Supplied material ▸
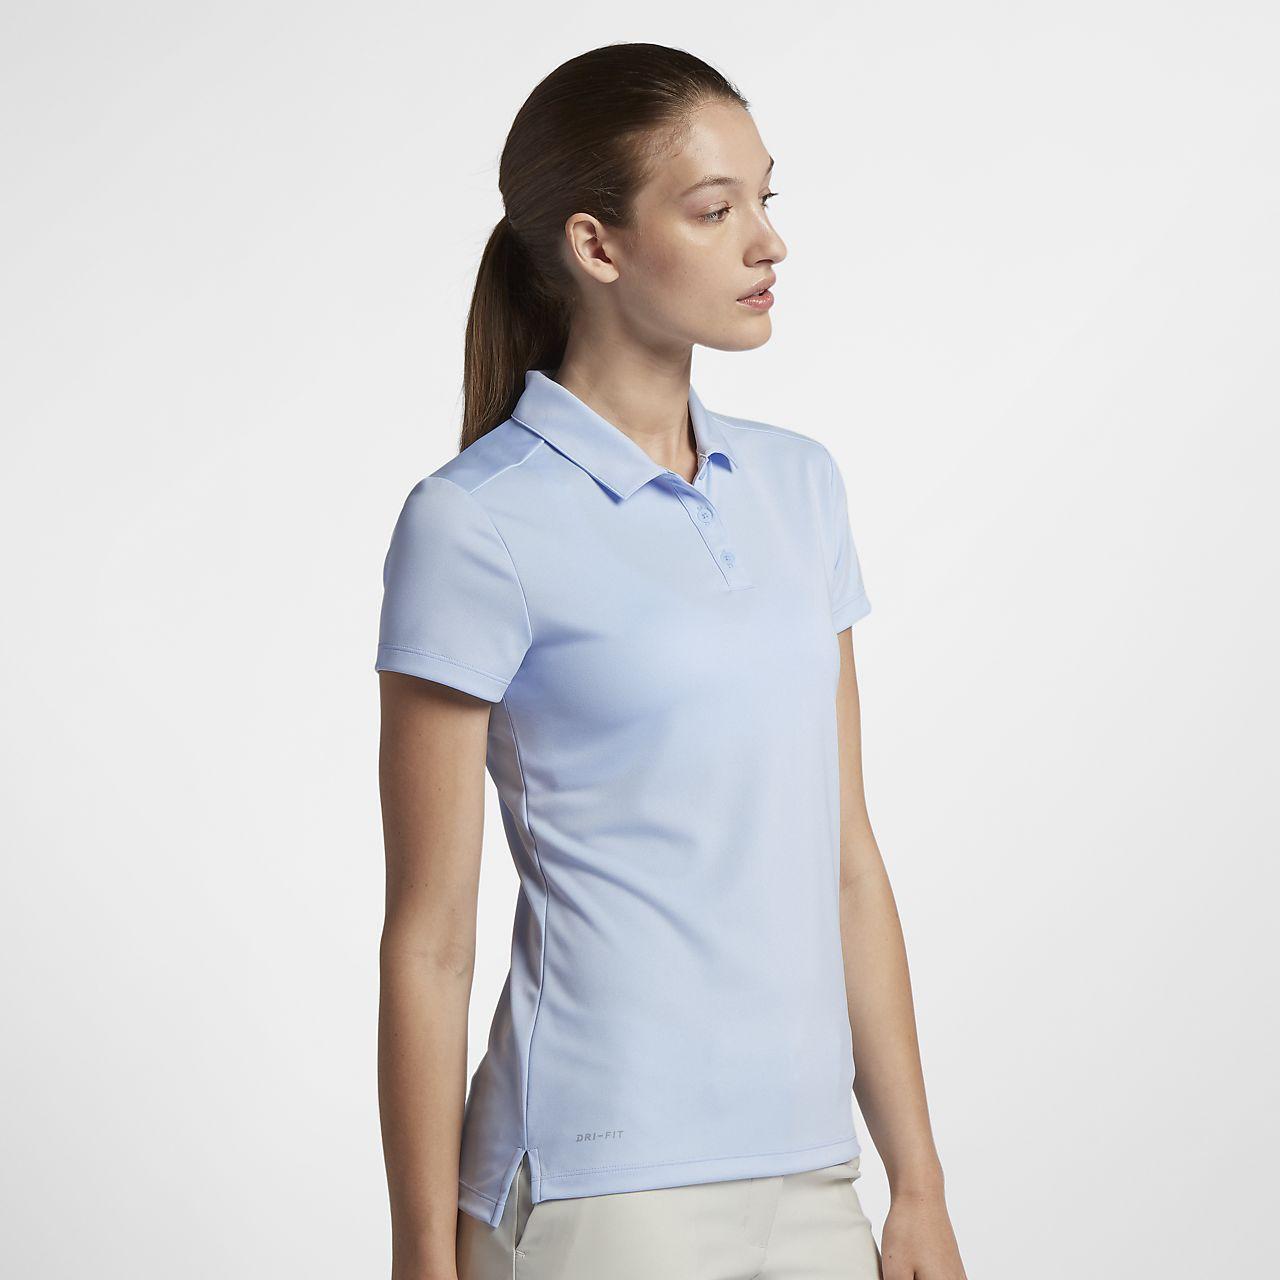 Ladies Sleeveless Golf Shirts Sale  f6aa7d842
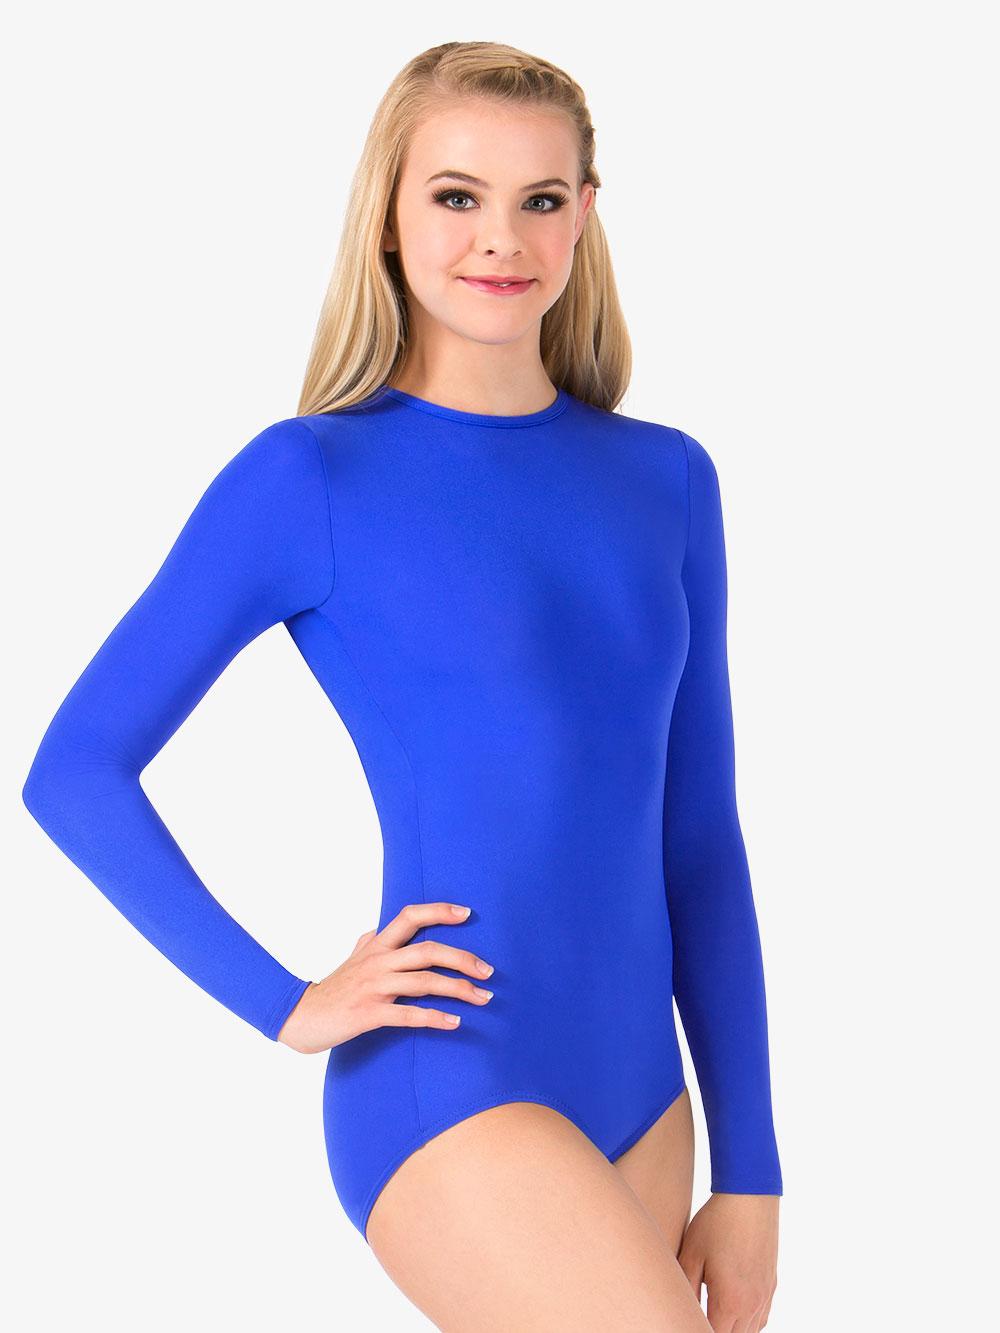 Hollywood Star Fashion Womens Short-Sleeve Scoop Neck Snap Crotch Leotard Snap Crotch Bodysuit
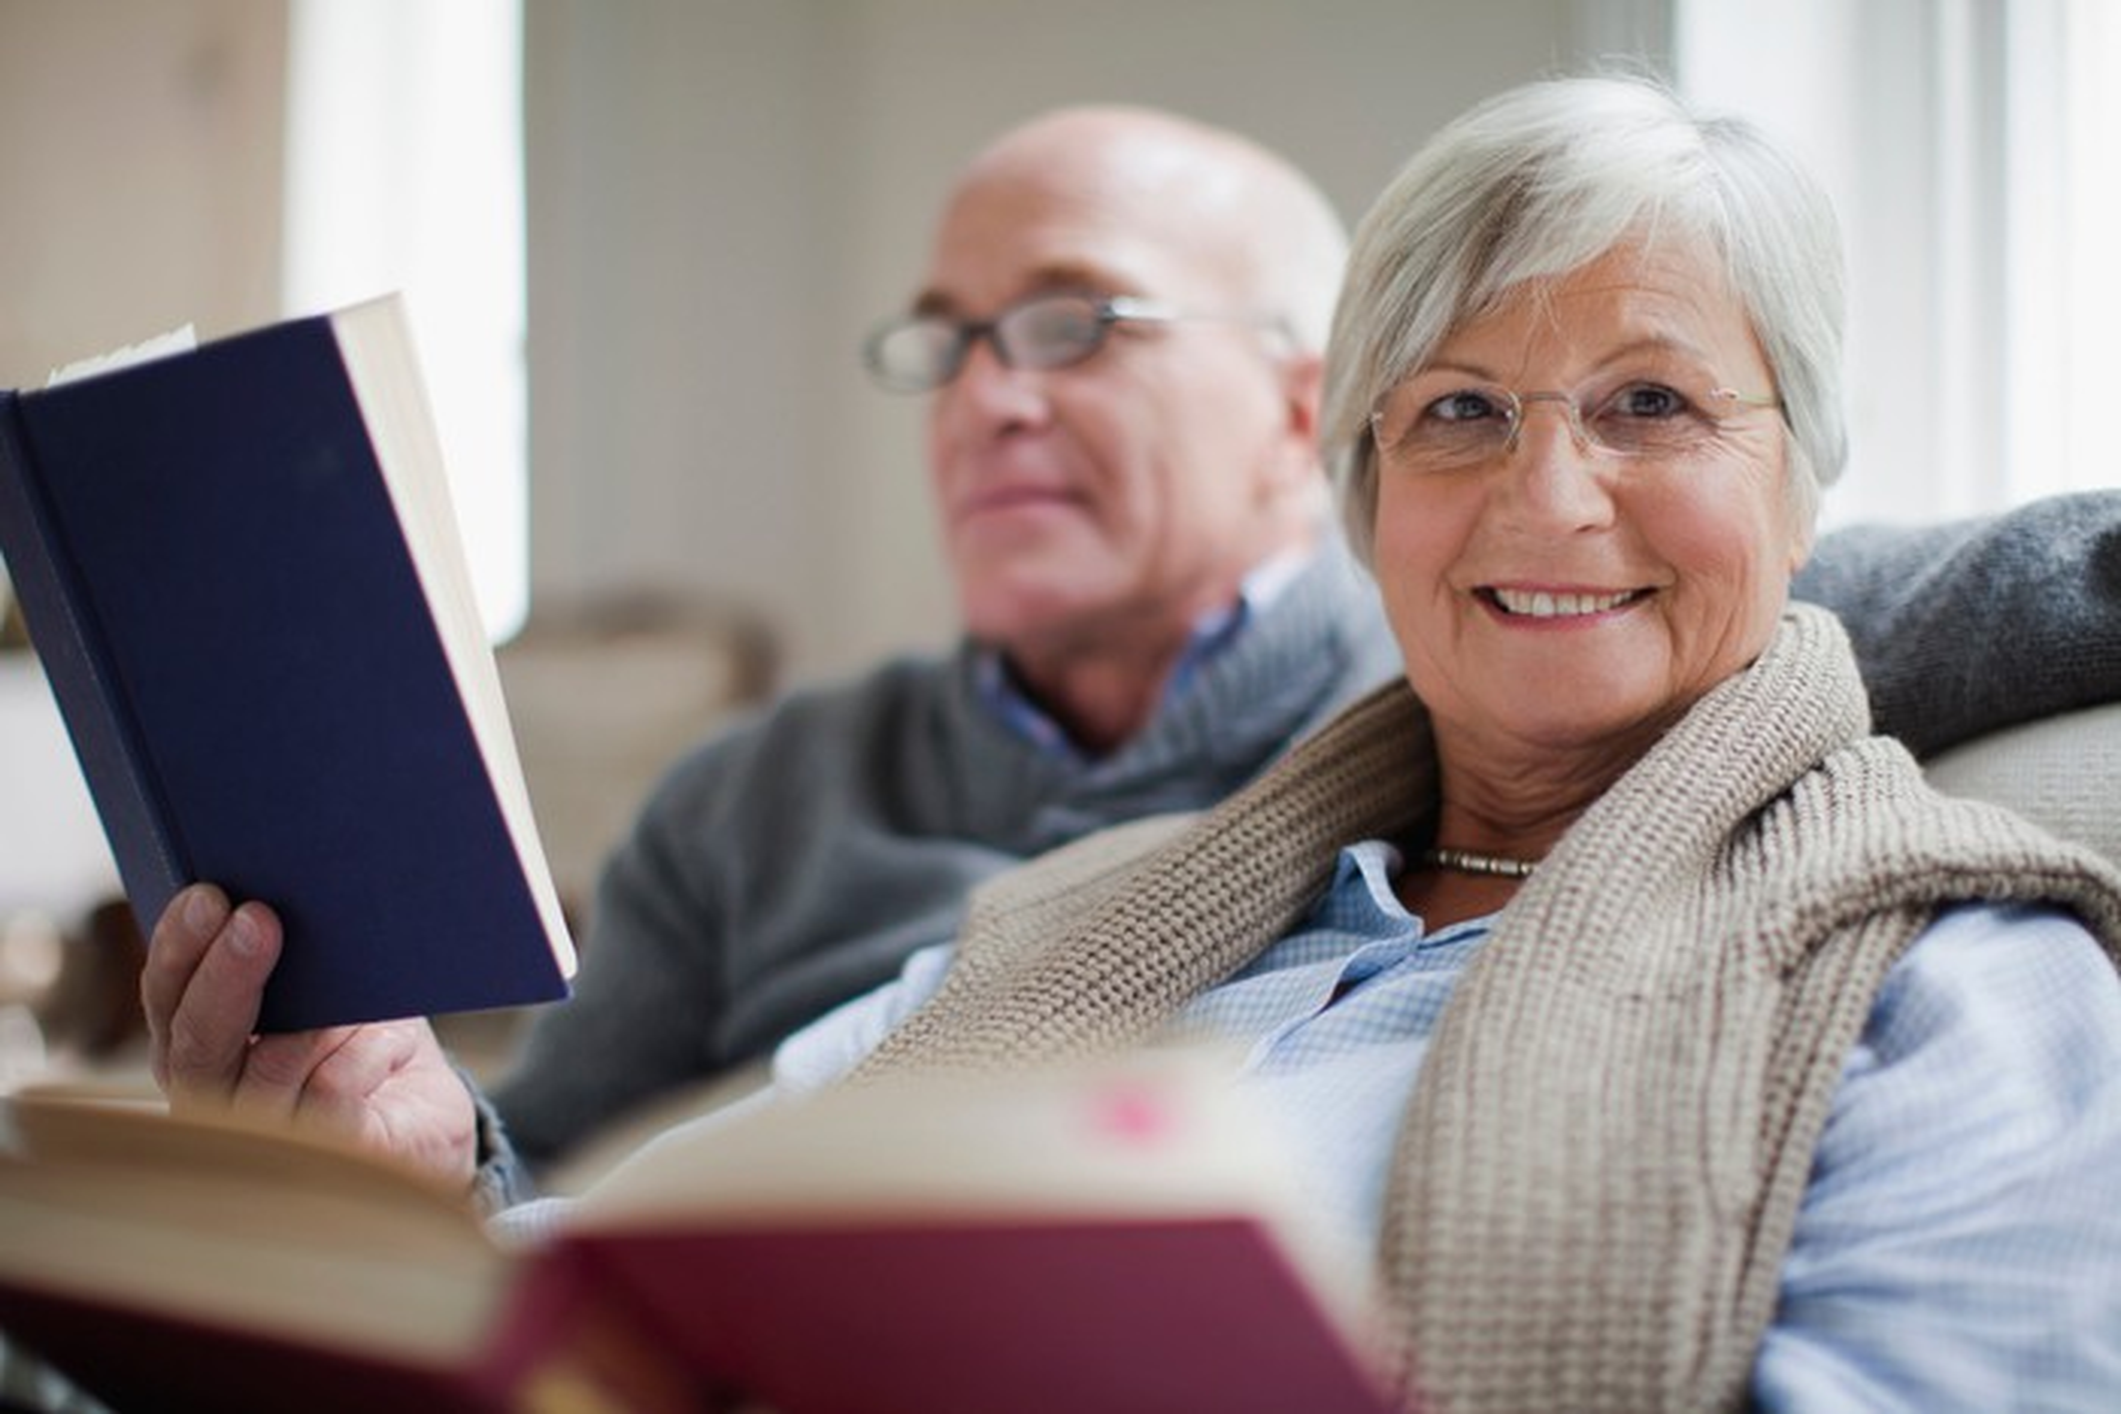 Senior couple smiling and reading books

Exercise details ▸ Please retype the data exactly as it appears, but without any of its pictures.

Task response ▸
 Ladies Sleeveless Golf Shirts Sale  f6aa7d842
 Hollywood Star Fashion Womens Short-Sleeve Scoop Neck Snap Crotch Leotard Snap Crotch Bodysuit
 Senior couple smiling and reading books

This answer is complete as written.